## Stored data
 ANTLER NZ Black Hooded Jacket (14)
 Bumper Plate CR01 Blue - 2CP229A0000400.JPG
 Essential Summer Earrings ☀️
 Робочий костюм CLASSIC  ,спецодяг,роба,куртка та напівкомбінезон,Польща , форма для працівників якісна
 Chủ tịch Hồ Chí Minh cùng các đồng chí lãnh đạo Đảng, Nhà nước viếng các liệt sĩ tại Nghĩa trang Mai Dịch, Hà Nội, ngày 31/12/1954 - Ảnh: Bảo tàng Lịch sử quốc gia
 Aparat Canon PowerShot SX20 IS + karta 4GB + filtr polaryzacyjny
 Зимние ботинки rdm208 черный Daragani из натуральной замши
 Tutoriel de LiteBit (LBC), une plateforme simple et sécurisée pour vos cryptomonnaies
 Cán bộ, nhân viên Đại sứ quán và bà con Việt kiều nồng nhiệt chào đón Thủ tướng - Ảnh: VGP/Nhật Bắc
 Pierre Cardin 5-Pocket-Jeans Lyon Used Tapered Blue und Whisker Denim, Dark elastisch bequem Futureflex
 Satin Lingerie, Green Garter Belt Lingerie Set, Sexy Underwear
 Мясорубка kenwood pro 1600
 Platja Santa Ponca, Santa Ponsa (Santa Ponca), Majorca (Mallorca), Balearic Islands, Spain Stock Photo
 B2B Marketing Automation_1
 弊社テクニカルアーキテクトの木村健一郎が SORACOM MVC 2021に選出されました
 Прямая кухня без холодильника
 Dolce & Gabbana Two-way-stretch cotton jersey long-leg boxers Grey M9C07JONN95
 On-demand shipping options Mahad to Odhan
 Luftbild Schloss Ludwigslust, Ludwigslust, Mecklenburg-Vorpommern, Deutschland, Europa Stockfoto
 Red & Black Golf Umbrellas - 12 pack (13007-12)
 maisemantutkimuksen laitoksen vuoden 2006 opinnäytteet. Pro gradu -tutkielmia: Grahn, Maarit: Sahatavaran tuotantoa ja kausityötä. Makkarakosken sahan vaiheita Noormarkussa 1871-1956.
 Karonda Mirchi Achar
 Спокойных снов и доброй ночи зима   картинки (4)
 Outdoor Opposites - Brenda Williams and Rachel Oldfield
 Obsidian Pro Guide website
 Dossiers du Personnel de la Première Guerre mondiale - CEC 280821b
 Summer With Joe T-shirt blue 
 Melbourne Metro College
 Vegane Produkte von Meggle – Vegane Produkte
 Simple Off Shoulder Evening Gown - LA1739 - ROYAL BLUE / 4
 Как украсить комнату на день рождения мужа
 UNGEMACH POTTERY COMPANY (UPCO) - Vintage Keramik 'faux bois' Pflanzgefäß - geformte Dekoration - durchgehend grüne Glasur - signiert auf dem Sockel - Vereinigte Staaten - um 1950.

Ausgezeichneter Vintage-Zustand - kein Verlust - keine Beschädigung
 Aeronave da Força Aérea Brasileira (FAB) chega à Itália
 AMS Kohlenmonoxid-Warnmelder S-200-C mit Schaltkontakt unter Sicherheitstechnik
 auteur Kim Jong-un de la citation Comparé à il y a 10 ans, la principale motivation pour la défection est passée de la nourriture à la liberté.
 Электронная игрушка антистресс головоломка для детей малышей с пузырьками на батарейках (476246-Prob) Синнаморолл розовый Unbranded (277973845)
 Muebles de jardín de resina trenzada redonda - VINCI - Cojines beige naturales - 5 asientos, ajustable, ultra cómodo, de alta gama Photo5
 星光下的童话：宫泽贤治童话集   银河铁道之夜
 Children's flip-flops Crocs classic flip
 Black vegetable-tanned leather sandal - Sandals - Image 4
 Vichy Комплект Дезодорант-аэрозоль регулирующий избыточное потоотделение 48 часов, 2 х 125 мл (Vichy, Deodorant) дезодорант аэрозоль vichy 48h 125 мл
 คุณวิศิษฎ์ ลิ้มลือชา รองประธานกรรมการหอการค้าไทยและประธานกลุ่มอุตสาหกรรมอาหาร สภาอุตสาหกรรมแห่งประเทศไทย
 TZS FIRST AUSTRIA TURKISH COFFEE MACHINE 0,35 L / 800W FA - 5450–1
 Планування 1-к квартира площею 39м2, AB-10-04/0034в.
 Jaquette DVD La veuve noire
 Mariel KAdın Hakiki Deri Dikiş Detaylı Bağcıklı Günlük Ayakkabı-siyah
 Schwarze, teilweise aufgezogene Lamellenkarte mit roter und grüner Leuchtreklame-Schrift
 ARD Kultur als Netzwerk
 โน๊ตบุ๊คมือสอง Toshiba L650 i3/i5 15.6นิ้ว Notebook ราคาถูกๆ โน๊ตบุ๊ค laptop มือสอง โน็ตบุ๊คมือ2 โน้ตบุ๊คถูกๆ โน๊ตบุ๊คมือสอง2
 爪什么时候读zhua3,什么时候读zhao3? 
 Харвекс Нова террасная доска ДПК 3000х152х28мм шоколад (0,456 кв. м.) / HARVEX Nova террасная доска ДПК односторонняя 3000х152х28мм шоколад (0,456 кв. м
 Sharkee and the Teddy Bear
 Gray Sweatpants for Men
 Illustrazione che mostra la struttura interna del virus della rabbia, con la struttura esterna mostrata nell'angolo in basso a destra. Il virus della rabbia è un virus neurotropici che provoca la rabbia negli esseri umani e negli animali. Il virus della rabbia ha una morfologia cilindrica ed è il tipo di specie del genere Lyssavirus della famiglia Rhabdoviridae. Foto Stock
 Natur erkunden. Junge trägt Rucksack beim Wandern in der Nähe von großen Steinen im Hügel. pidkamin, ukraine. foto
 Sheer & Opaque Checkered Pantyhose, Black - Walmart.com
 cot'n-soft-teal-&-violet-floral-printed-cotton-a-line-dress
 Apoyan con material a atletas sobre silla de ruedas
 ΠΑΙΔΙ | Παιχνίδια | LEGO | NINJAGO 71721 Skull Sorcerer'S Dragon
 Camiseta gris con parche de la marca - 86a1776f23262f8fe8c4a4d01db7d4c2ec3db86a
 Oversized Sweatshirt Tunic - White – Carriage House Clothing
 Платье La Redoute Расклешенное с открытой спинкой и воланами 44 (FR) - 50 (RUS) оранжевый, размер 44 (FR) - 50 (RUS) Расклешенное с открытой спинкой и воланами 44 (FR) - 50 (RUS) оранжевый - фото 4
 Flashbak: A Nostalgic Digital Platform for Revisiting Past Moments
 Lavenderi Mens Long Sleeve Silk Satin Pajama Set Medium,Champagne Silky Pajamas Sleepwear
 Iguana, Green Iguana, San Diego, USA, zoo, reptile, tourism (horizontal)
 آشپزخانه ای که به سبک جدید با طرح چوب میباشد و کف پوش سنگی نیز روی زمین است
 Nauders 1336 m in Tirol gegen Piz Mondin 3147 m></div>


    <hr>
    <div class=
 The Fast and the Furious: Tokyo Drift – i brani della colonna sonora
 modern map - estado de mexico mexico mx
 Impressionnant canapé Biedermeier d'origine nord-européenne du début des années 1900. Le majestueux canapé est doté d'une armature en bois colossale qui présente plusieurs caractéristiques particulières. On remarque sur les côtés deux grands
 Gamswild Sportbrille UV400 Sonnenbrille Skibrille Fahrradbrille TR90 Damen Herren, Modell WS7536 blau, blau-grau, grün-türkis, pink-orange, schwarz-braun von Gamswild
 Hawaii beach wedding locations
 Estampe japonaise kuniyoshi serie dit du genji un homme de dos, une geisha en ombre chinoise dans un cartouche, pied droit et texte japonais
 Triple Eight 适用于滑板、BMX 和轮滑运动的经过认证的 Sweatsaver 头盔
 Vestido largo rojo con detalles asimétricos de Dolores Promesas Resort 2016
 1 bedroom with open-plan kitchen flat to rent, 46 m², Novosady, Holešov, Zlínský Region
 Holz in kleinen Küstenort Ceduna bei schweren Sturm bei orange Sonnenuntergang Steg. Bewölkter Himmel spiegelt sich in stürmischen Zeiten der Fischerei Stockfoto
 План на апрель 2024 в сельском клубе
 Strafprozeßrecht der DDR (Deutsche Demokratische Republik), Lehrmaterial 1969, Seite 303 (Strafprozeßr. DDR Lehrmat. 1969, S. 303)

## What you have to do
The lines from the top of the data above down to the line containing "Chủ tịch Hồ" are to be copied exactly; no other line should appear.

## Task output
 ANTLER NZ Black Hooded Jacket (14)
 Bumper Plate CR01 Blue - 2CP229A0000400.JPG
 Essential Summer Earrings ☀️
 Робочий костюм CLASSIC  ,спецодяг,роба,куртка та напівкомбінезон,Польща , форма для працівників якісна
 Chủ tịch Hồ Chí Minh cùng các đồng chí lãnh đạo Đảng, Nhà nước viếng các liệt sĩ tại Nghĩa trang Mai Dịch, Hà Nội, ngày 31/12/1954 - Ảnh: Bảo tàng Lịch sử quốc gia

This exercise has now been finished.